Those who decide to stand, often do it for a number of different reasons. I strongly feel that being a Councillor is not like a vocation; it is a vocation. You do it, because you believe in it, you feel a sense of civic duty. Most of the time, you want to make a difference and improve your local community.

Standing is never easy. There are a lot of barriers and obstacles to overcome. If you want to do it, unless you stand in a super safe seat (do they still exist?), you have to put a lot of hard work into it; casework, leaflet delivery and canvassing, which I personally absolutely love! Door-knocking gives me a great joy, even when I don’t get a warm reception on the doorstep. Standing, whilst being a “foreigner” is probably even harder. As soon as I open my mouth, people know that I am not necessarily very “local”. This, in all honesty, doesn’t bother me too much; I will never judge someone based on their accent or the colour of their passport.

It is a wonderful feeling and more importantly a huge privilege to REPRESENT a particular area and a particular community.

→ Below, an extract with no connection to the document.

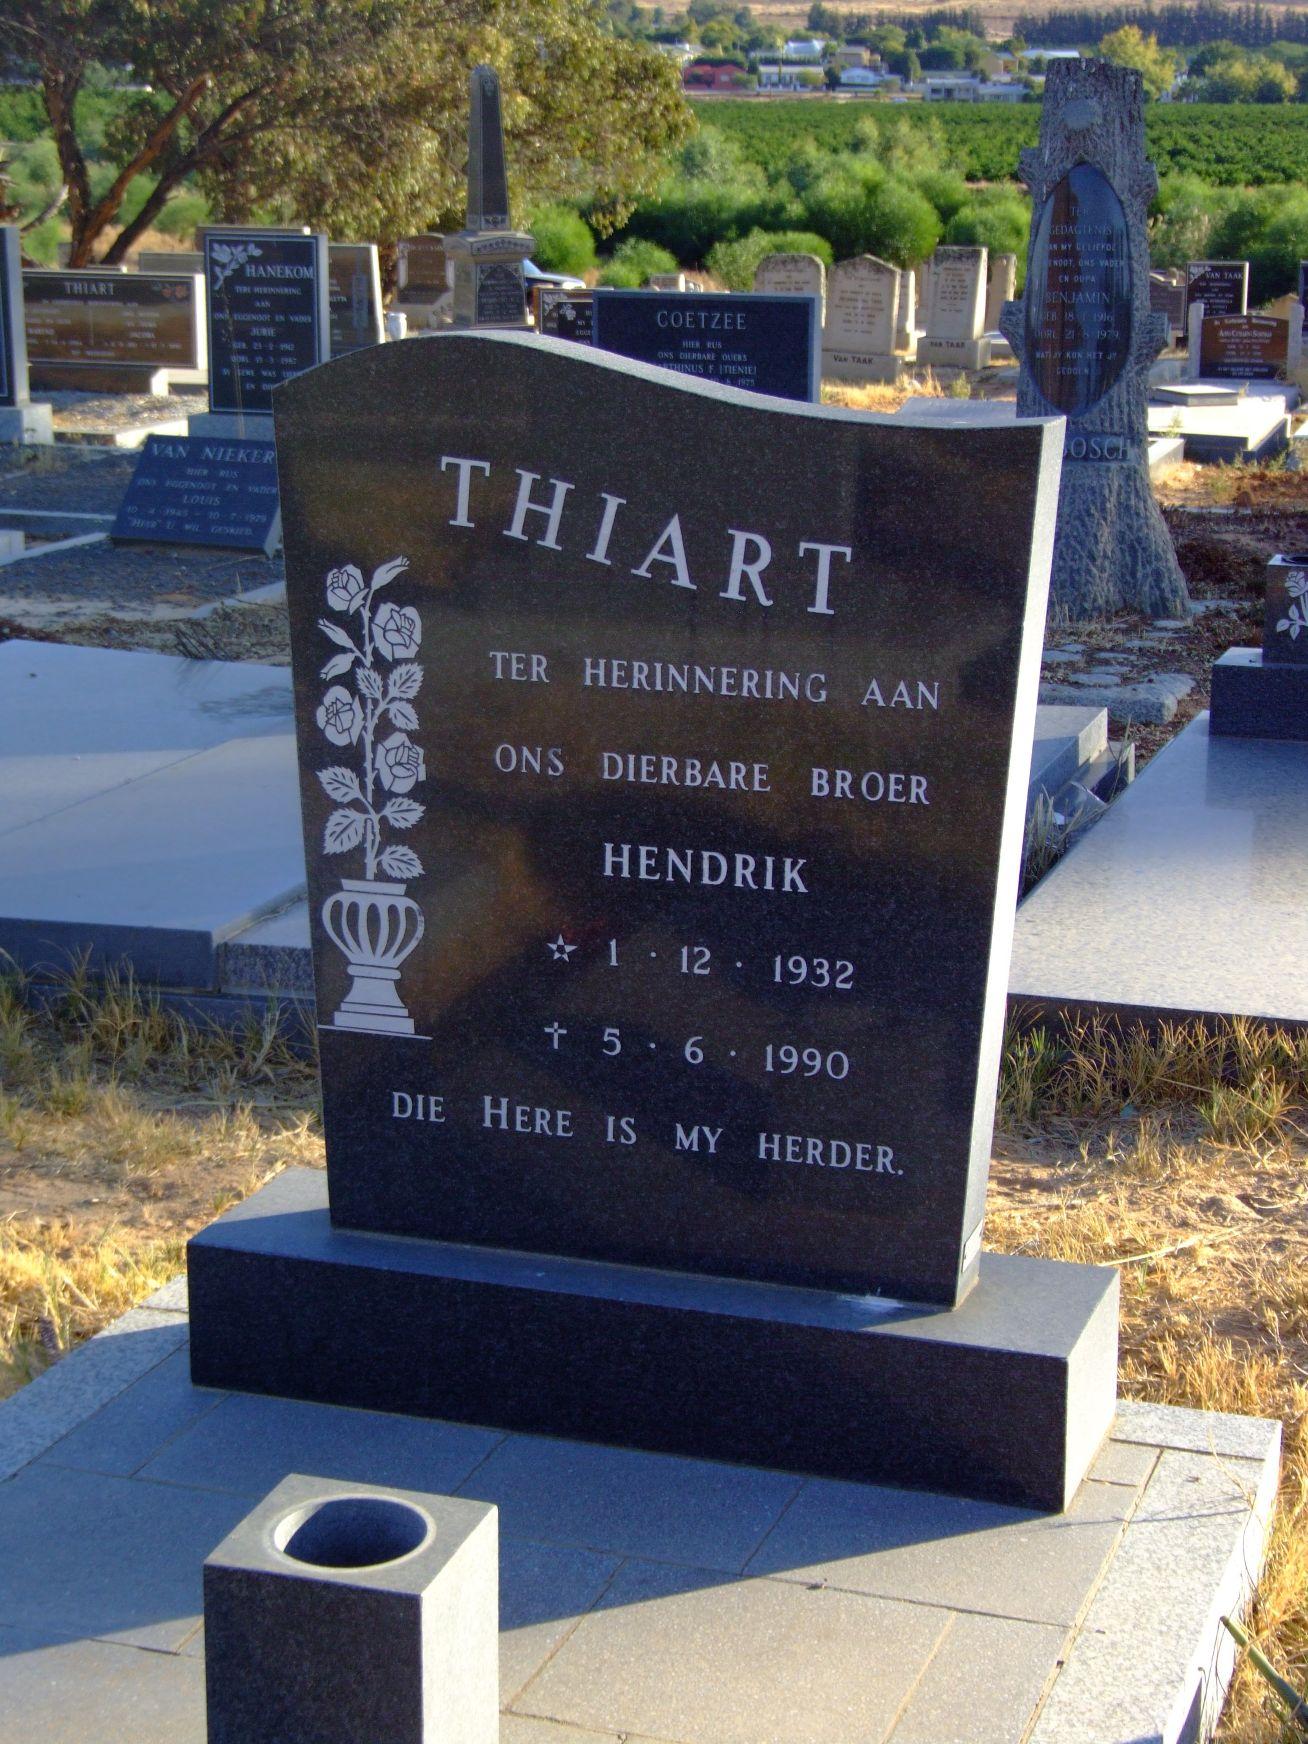 Thiart, Hendrik

Moreover, being elected, at the local or national level, means being at the SERVICE for other people.

As I said before in many of my previous articles, I absolutely love the civic process; I enjoy listening, talking and working with people. This will never change, even if my circumstances do. Speaking to residents on regular basis gives me a fantastic opportunity to find out how people feel about politics at the local and national level. It worries me hugely that so many individuals that I’ve encountered feel deflated and disheartened. Some are not planning to vote. The sense of political desperation and political apathy is felt throughout the country.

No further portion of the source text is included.